Each line below from the "Seks menn drar" line through the "model sofa modern" line, those two included, must be restated word for word; the pictures must not be.

AVAILABLE RECORDS below:

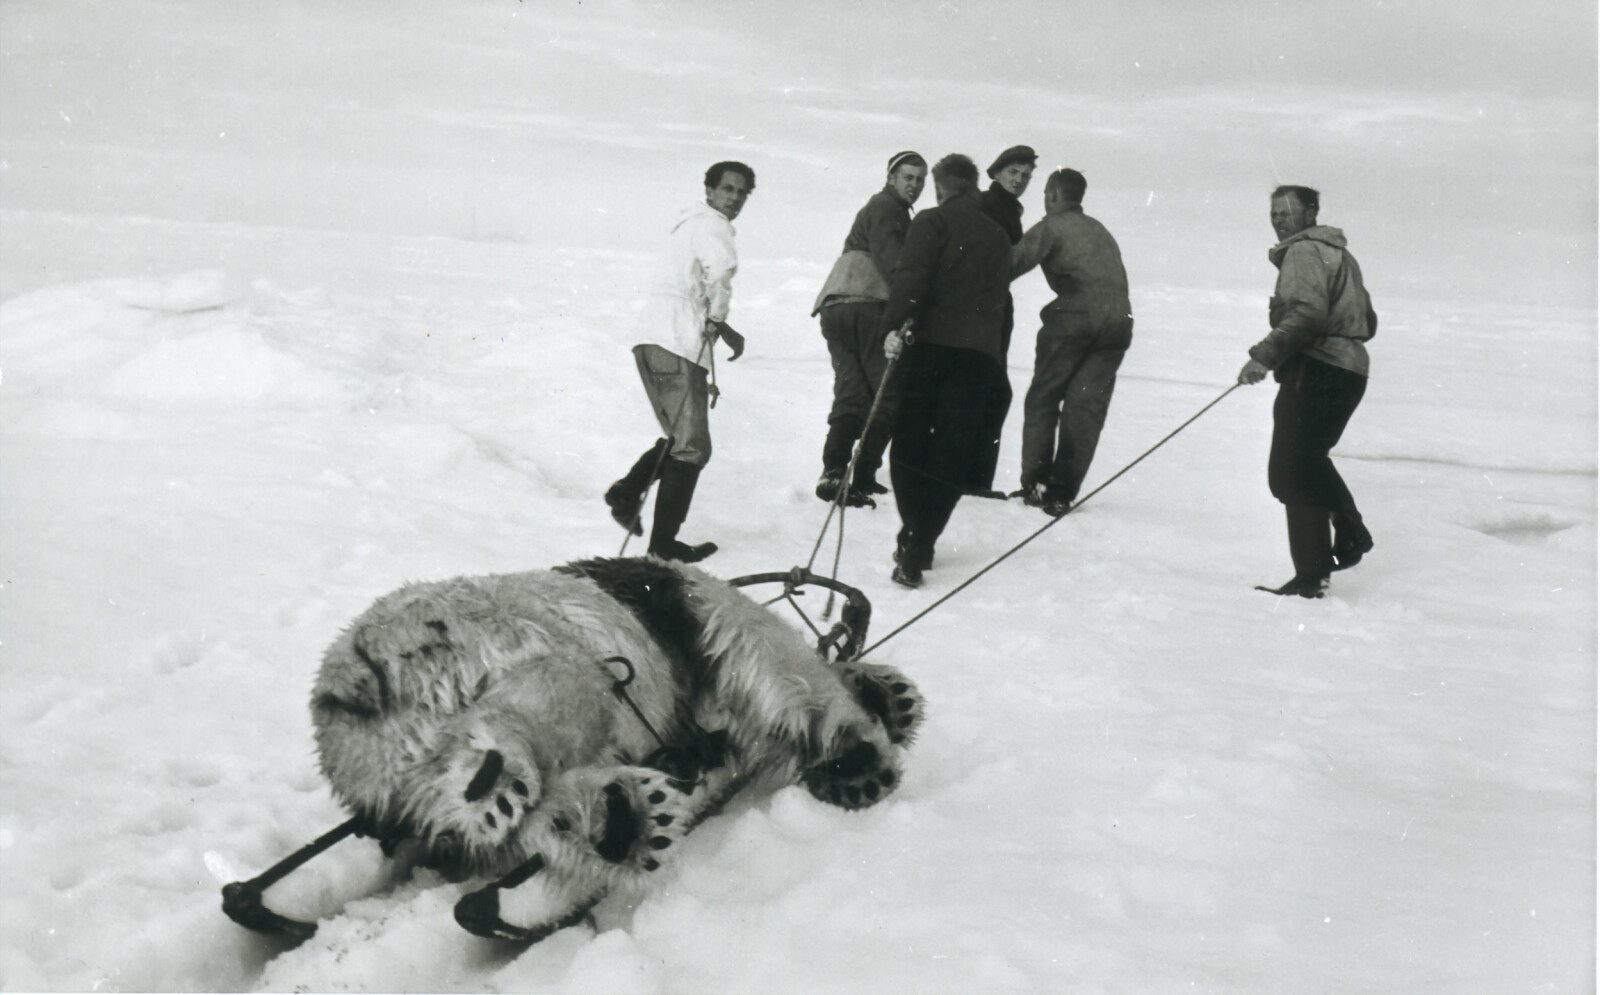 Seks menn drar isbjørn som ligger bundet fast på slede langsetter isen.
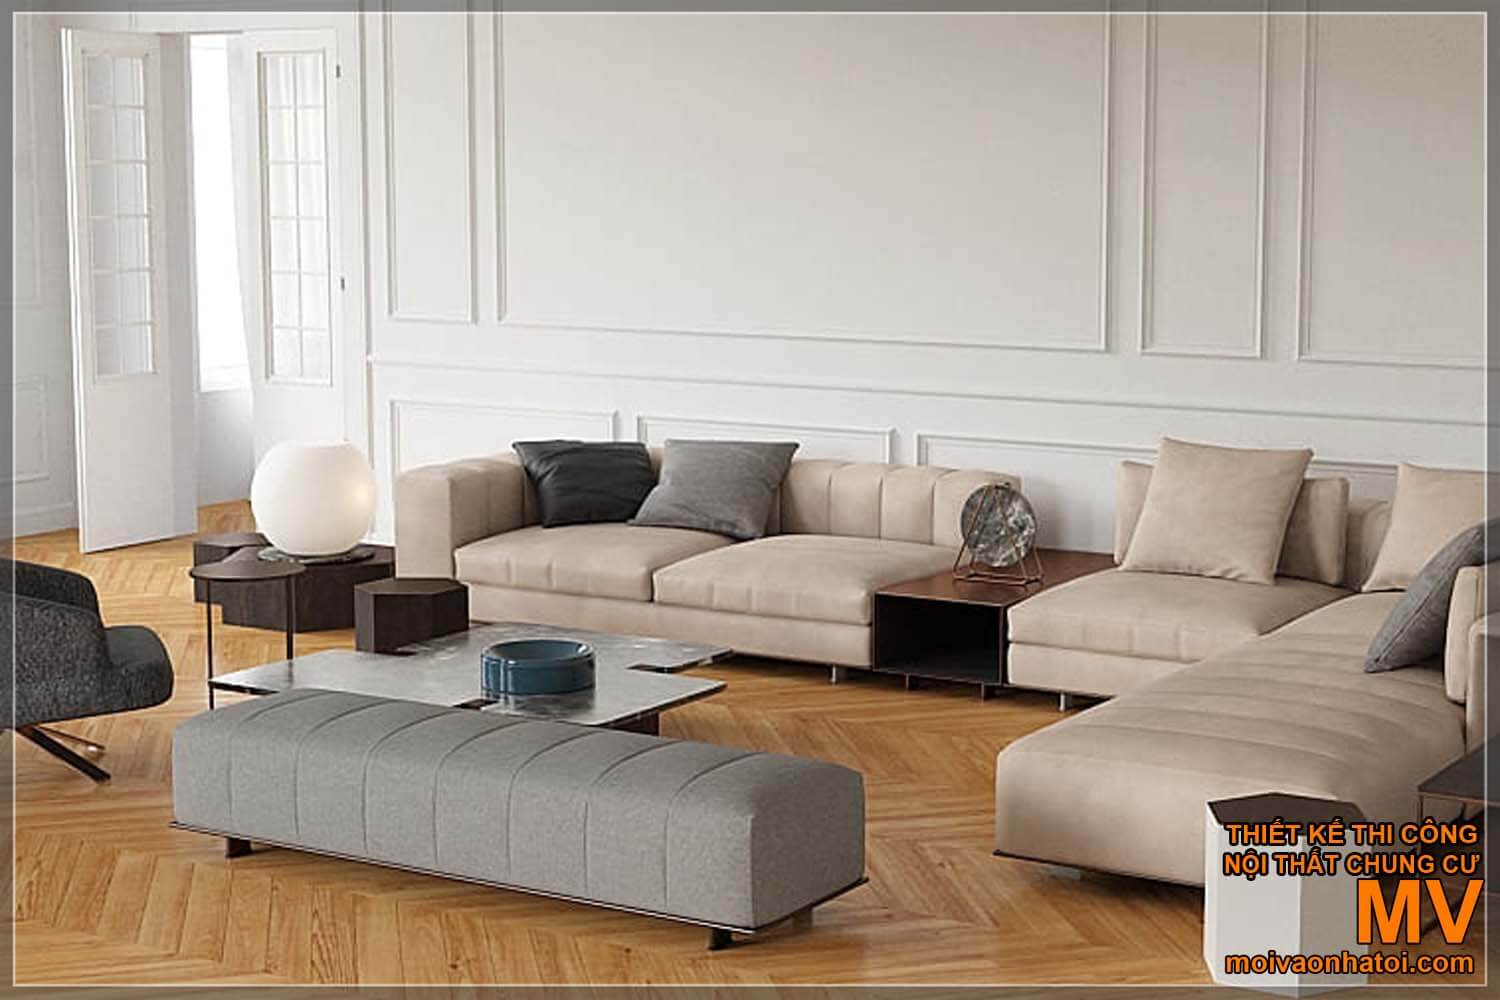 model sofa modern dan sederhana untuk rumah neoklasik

End of AVAILABLE RECORDS.
AVAILABLE RECORDS below:

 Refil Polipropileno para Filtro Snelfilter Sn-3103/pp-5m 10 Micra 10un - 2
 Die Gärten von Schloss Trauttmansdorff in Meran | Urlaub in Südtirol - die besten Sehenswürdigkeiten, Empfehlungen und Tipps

End of AVAILABLE RECORDS.

-- COMPLETED EXERCISE --
 Seks menn drar isbjørn som ligger bundet fast på slede langsetter isen.
 model sofa modern dan sederhana untuk rumah neoklasik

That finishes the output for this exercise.